悪魔の腕のロザリー
@hideno
彼女の旅の始まり
自由、というものが何なのかを考えたことが幾らかある。
やりたいことをやれることが自由?
好きなように振る舞うということが自由?
それとも…それはただの言葉でしかないのかな?
わたしにはまだわからない。今のところは何にも。
何故なら、私は5年前から自由なんて事をその身に感じた事がないからだ。
あの日から、左腕にいつのまにか備わった奇妙な“力”に振り回され続け、気がつけば隔離結界の中に放り込まれてそのまんま。
この中でなら何でもできる、と思われているのだろうけれど。
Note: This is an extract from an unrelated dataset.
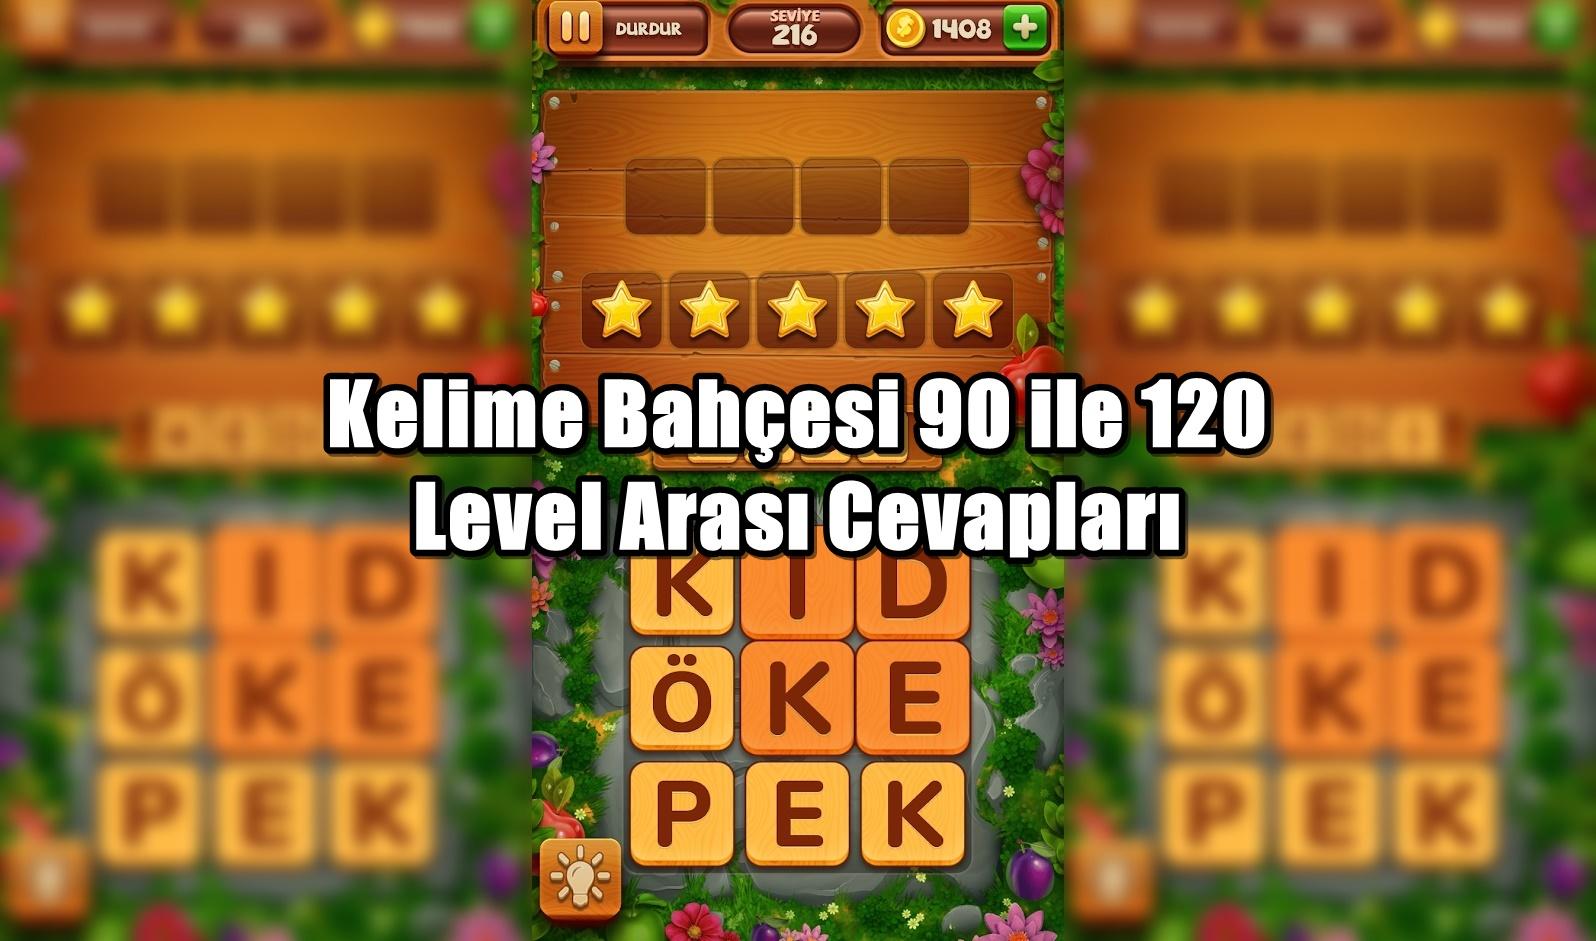 Kelime Bahcesi 90 ile 120 Level Arasi Cevaplari

わたしには狭苦しくてしょうがない。こんな場所で出来ることをただやり続けても虚しいだけだ。此処から出なければ……わたしは一生、自分の“力”のことさえ何も知らないままの無知な子供のままなんだ。
それに、一緒に過ごしてきた人はいい年したおじさんたった一人だけ。わたしに此処から出た時にやっていけるように、と色々仕込んでくれている。体調管理、料理、洗濯に物探し、果ては護身術まで……と非常によく面倒を見てもらっている。いくら感謝してもしたりない。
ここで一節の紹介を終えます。